I've been doing this for years. Got a pretty good system down now. I like to cut 3 years in advance but never seem to get there. I'll take the driest wood through the basement window and the wood that needs more seasoning goes on the porch (concrete) just like what you're doing. I can hold 6 cord inside but that won't last the winter so I have to have 2 more on the porch.I cut year round so I continue stacking on the porch if it's dry enough through the winter and sometimes fill the whole porch,less walkways.When spring hit I'll wait till it's warm enough that the bugs are active and move dry wood from the porch inside and leave any new cut wood in the field. Just before bugs start searching for that place to winter over I start the whole process over again with the dry going in the basement and the rest stacked on the porch. Timing is the secret to keeping the bugs out.If I run into ants or something it's stacked to the side and goes straight from the porch to the stove. Works pretty well once you get a routine down.I keep d-con out year round for the mice.


Wade


----------



## chickenista (Mar 24, 2007)

Get a 'wood box', preferably sheet metal that is easy to lift and dump.
Once a day bring in/down all of the wood that you need for that day.
If weather is going to get nasty, you can stack on a tarp on the porch so you don't have to go out just for wood.
A wagon or wheelbarrow etc.. is a handy thing to have if you are doing a once a day wood run.


----------



## seagullplayer (Nov 6, 2008)

I keep the bulk of our wood in the barn, 75-100 yards from the house.

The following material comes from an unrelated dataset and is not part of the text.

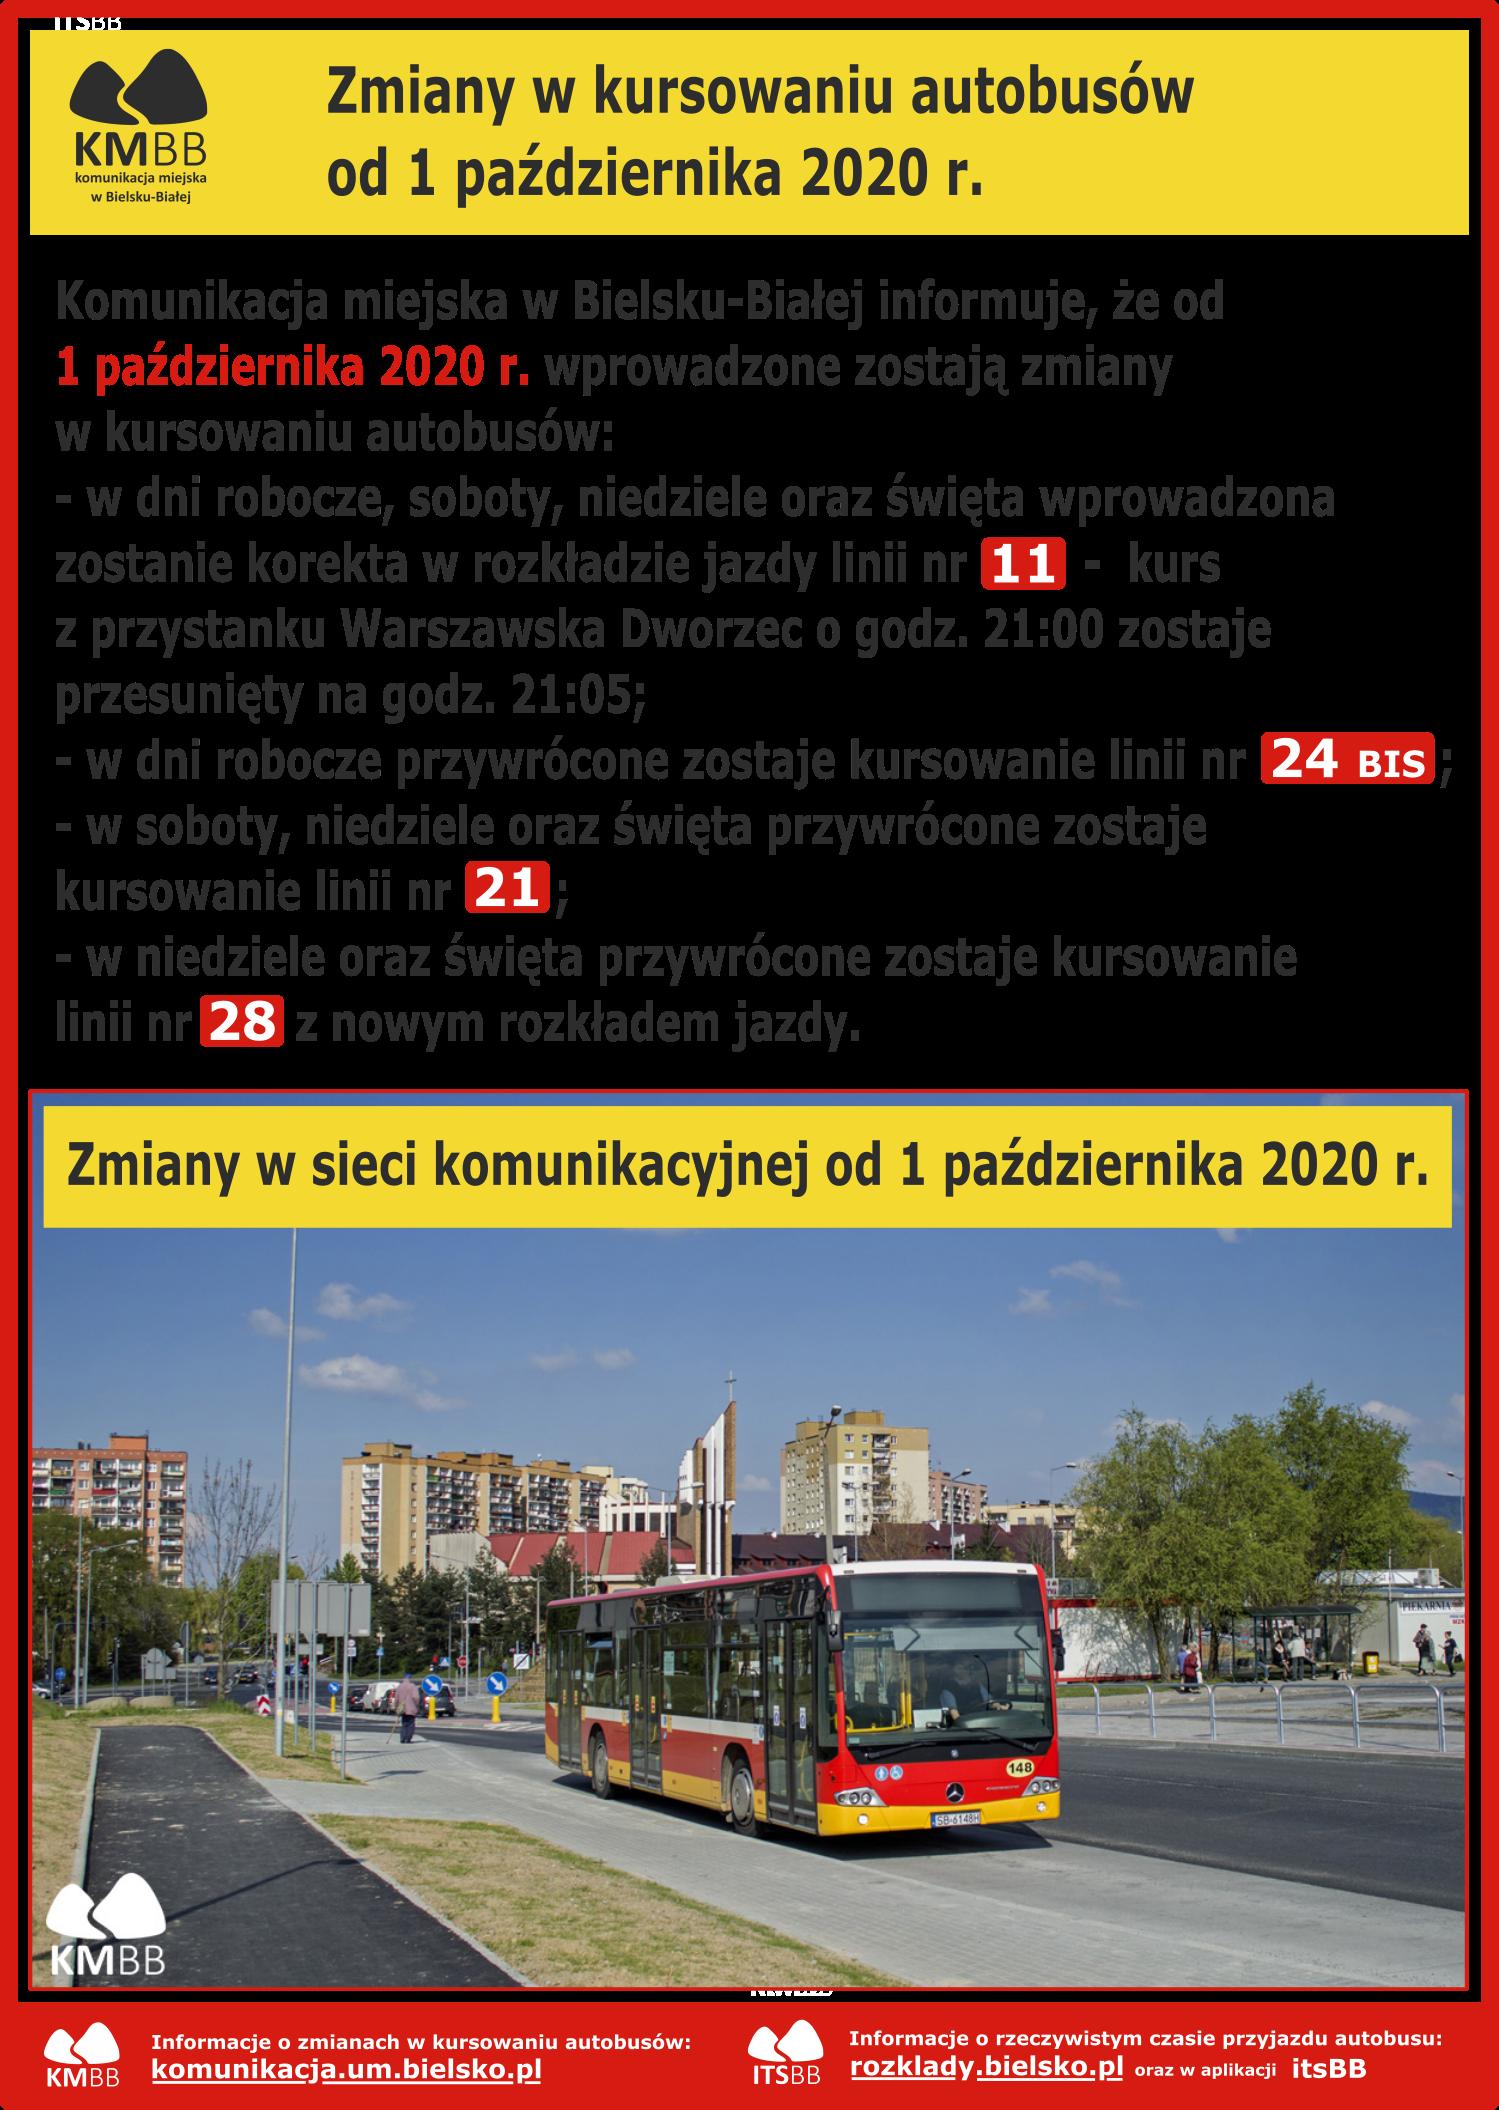 Zmiany w kursowaniu autobusów od 1 października

I use our four wheeler and a cart to bring up when we need once or 2x a week. Depending on weather, I have a large wood box on our back porch.

My mother does what the OP does and has for YEARS, without issue.


----------



## Osiris (Jun 9, 2010)

I stack mine on the porch but it's treated lumber. It's against a solid brick wall. And I lay it on long rubber mats. Doesn't seem to make any marks. So far so good. As for critters, it's only one log deep - not much room for them. Of course I don't put it up there until fall. Come April, the remainder, if there is any, goes out to the edge of the woods on 2x4's and gets covered. I have a Blaze King stove and a Magic Heat box. Always wondered about those Eco Fans. May look into one next year.


----------



## Fire-Man (Apr 30, 2005)

Mattie420 said:


> Brought all my firewood closer to the house instead of making long pilgrimages to gather a few logs plus since we were missing the front two railings on the porch I stacked them in a way that provides a makeshift "railing" AND blocks wind from howling through the front porch sitting area on the left and some on the right!!


Mattie, your picture brings back alot of memories. The house I was raised in looks almost like yours--2 story, windows, door set-up the same---our siding was ruff boards off the saw mill, We always stacked our wood on the front porch the same way. We did not know when our house was built because the farm had changed hands several times from the early 1900's. We stayed in the house fron the 50's till the 70's. I talked to a man that stayed in it in the 1930's and he said the house was a older house then and he said they used wood and stacked it on the porch. The house was torn down in 2008 and lived in most of the 100 or so years it stood. Thanks for the Memories!!


----------